In this 5 Minute Analysis we’ll focus on accessing and understanding the Kaggle LA Restaurant & Market Health Data in real-time, exploring the data, and pivoting the data to report the top violators of the health code and their violations.
Dataset: Kaggle LA Restaurant & Market Health Data
This blog post explores and analyzes the data using PivotBillions, available freely on docker.
Goals
- Load the data to Pivot Billions and view its structure.
- Explore the data using Pivot Billions built-in features.
- Pivot the data to organize it by violator name and violation to see the worst violators and report our findings.
Steps
Load the Data and View its Structure
- Download the dataset from Kaggle.
- Unzip your downloaded data.
- Access the Pivot Billions URL for your machine.
- Click the Plus (+) icon on the top right hand side of the window.
- Select Drag & Drop.
- Drag your downloaded “restaurant-and-market-health-violations.csv” file to the Drag & Drop box in Pivot Billions.
- Click the dropdown arrow to the right of the file in Pivot Billions to view the schema of the data and see a sample.
- Then select the left checkbox next to the file and click Preview at the bottom of the screen.
You can now see the columns and types of the dataset and modify them as you see fit. You can also view or change which column or columns are set as primary keys. When you are done viewing or modifying the data structure to be imported, click Import.
View and Explore the Data
After the data has been quickly imported you can now see and access all 272,801 rows of the data.
By hovering over each column name you can sort the data by that column, view that column’s distribution over all of the data, filter by the data in that column, or rename that column. We’ll view the distribution of the data by the owner’s name.
Click on the second icon (distribution) in for the owner_name column to see the distribution of total health code violations by owner.
You can quickly see that Ralphs Grocery and Levy Premium have the highest number of violations. It is worth noting that Levy Premium actually has the highest total violations; however, its data is spread across two slightly different owner names.
Pivot and Report the Data
Now that we know which owners had the highest number of violations, we want to drill down into the data and see which health codes each owner violated. This is made extremely simple and fast using Pivot Billions.
- Click the Pivot icon in the the top right of your data table.
- Click the Plus (+) icon under Dimensions and select the “owner_name” column.
- Click the Plus (+) icon again and select the “violation_description” column.
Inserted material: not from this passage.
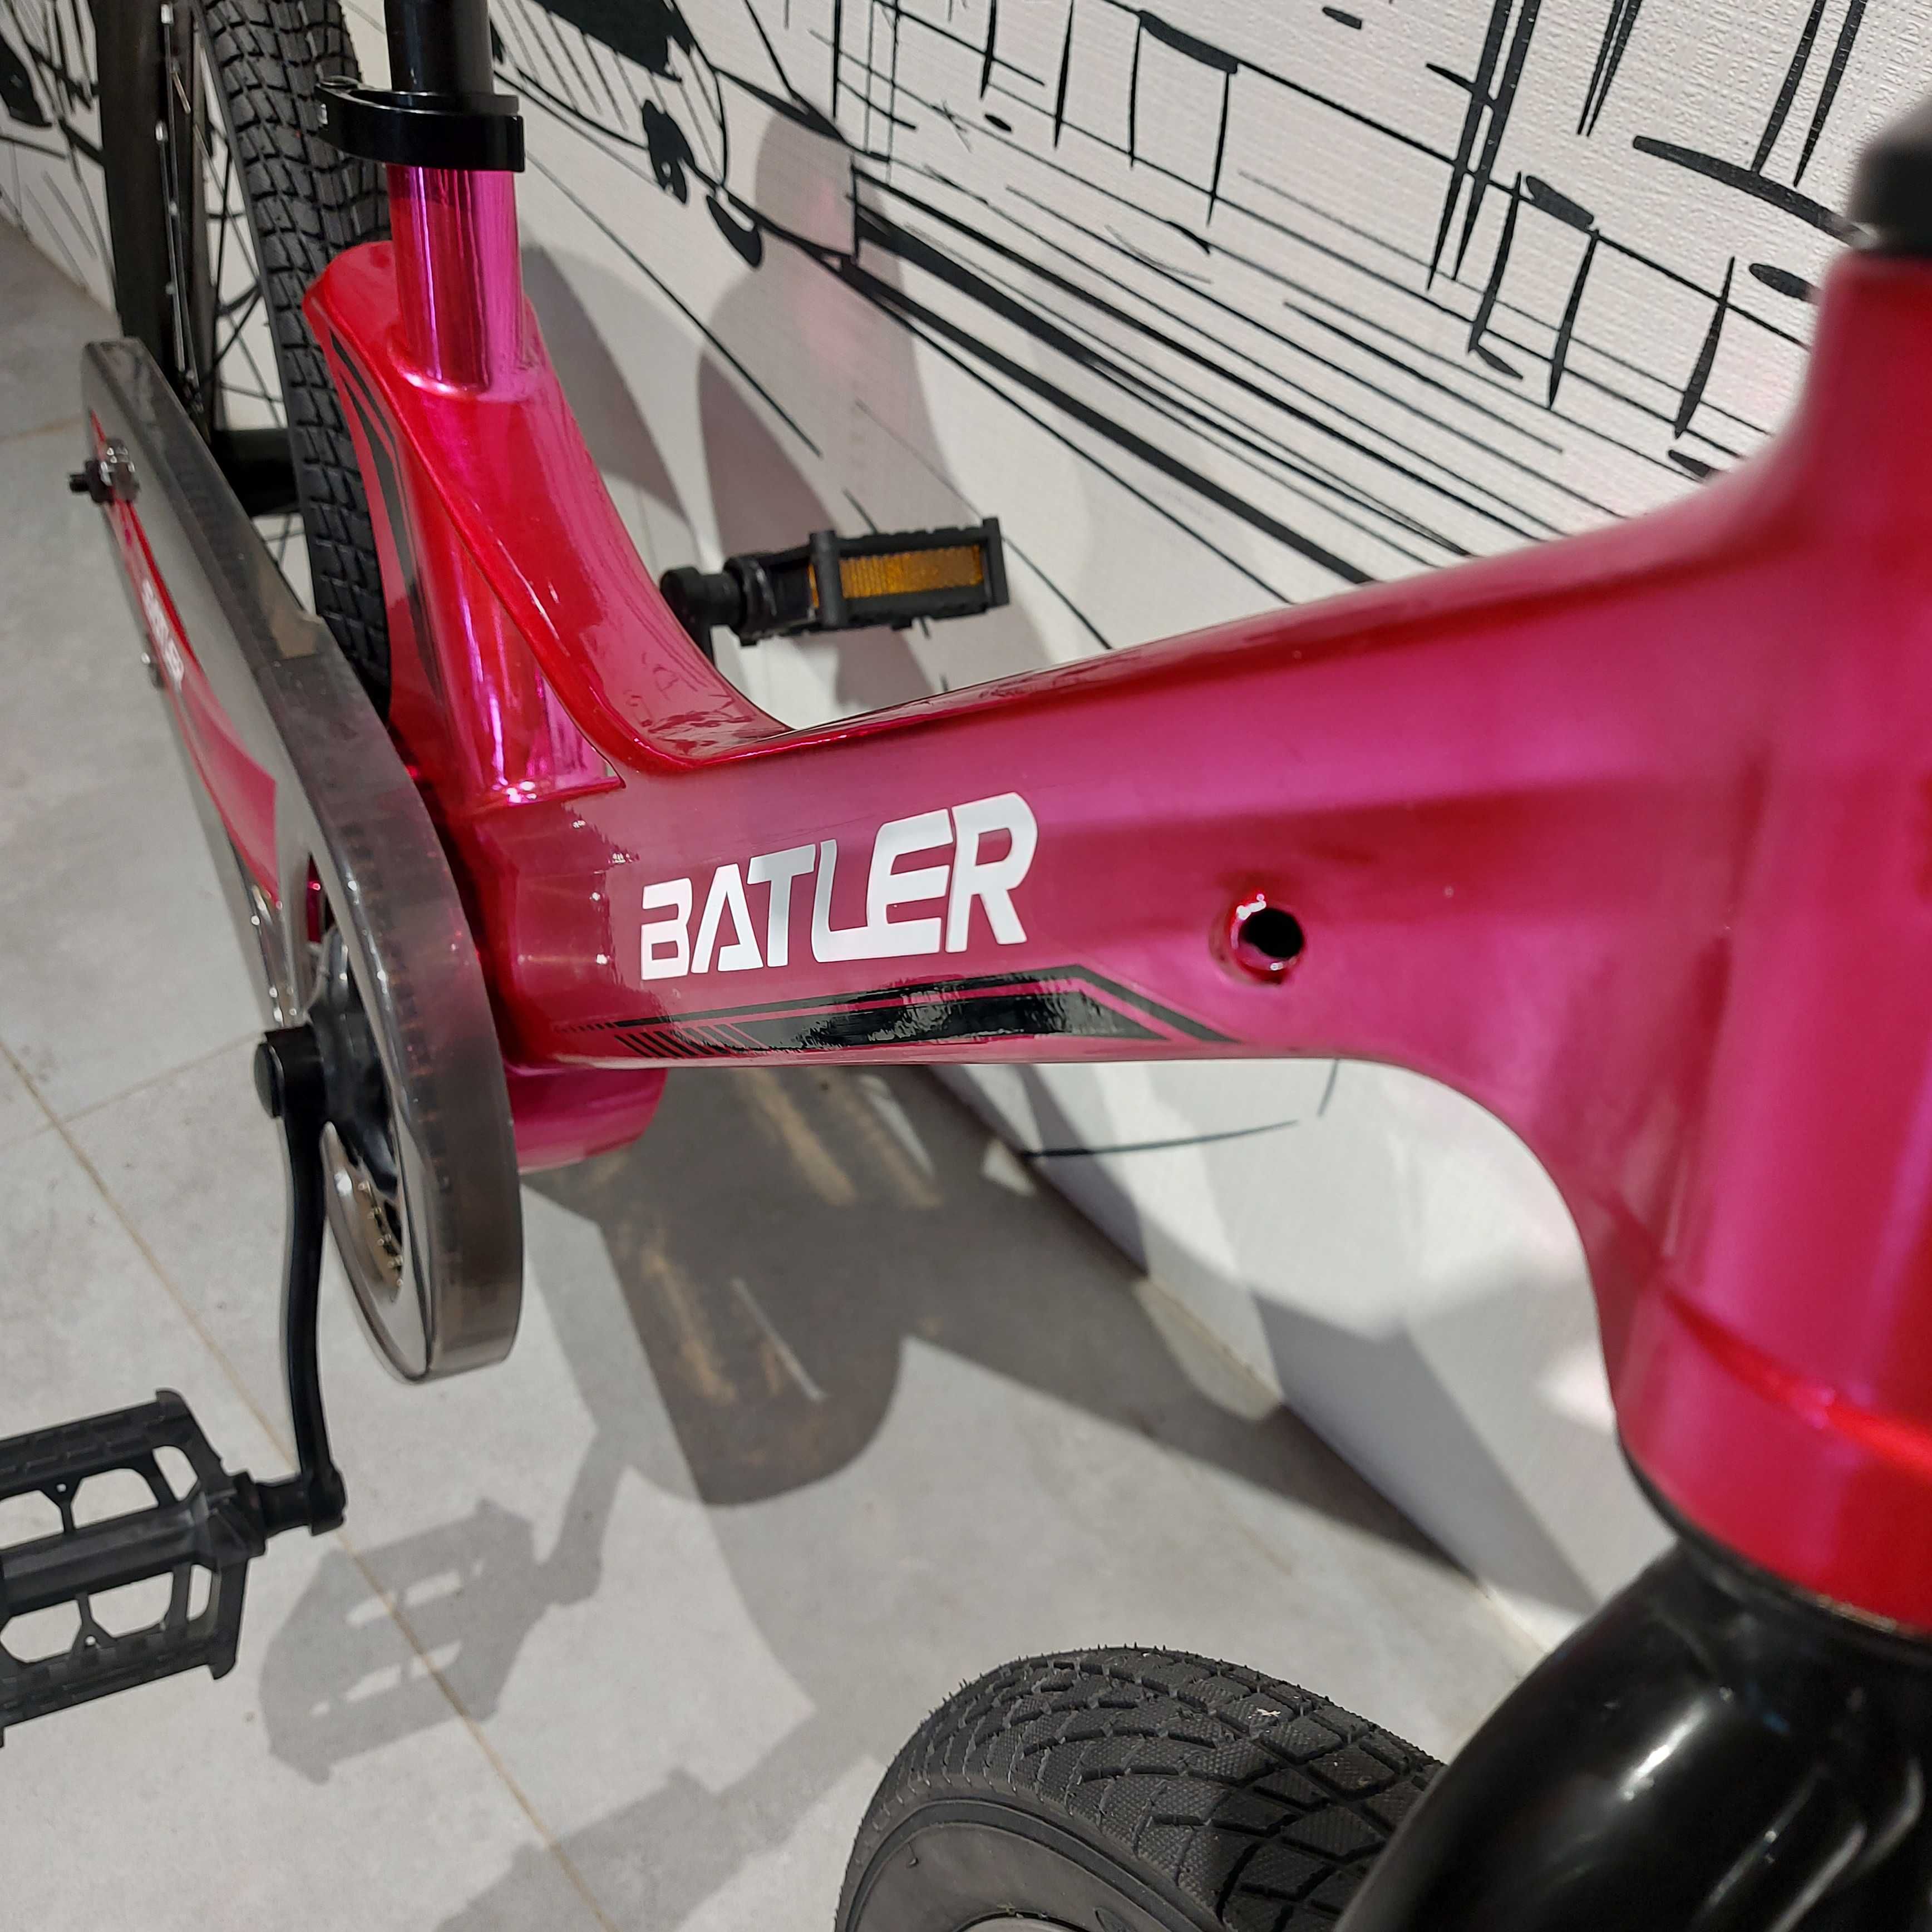 Детский двухколесный алюминиевый велосипед "Batler". 20" кол. Легкий

- Click View to pivot your data.
Pivot Billions now quickly reorganizes your data by owner name and violation description and provides counts of each unique combination’s occurrence in the data. You can sort by a column or filter the data. Here we’ll filter out the small violation counts since they are less significant and it makes the data more readable.
- In the top-left of the pivot widget, click the Plus (+) button.
- Select “Count” and “Greater Than”.
- Enter 10 and press enter.
You can see the filter applied and the data reduced from 128,749 unique combinations to just the top 850 worst owner violations.
We’ll now interactively view the data.
- Click the Switch View Type icon in the top right of the pivot widget and select Pivot View.
- Drag the owner_name box to below the drop down selection box and the violation_description box to the right of the drop down selection box as shown below.
You can now easily sort the data to put the highest-count owner violation combinations in the top left.
- Click the arrow twice.
- Click the arrow twice.
Now select the top-left drop box and change it from Table to Table Barchart to view a more visual representation of this data.
From our analysis it is clear that Ralphs Grocery Company is not only one of the worst offenders of health code violations, but it also has very high counts of a large number of different violations. Although Levy Premium has more total violations when the data for its two owner names are combined, the violations are slightly more consolidated.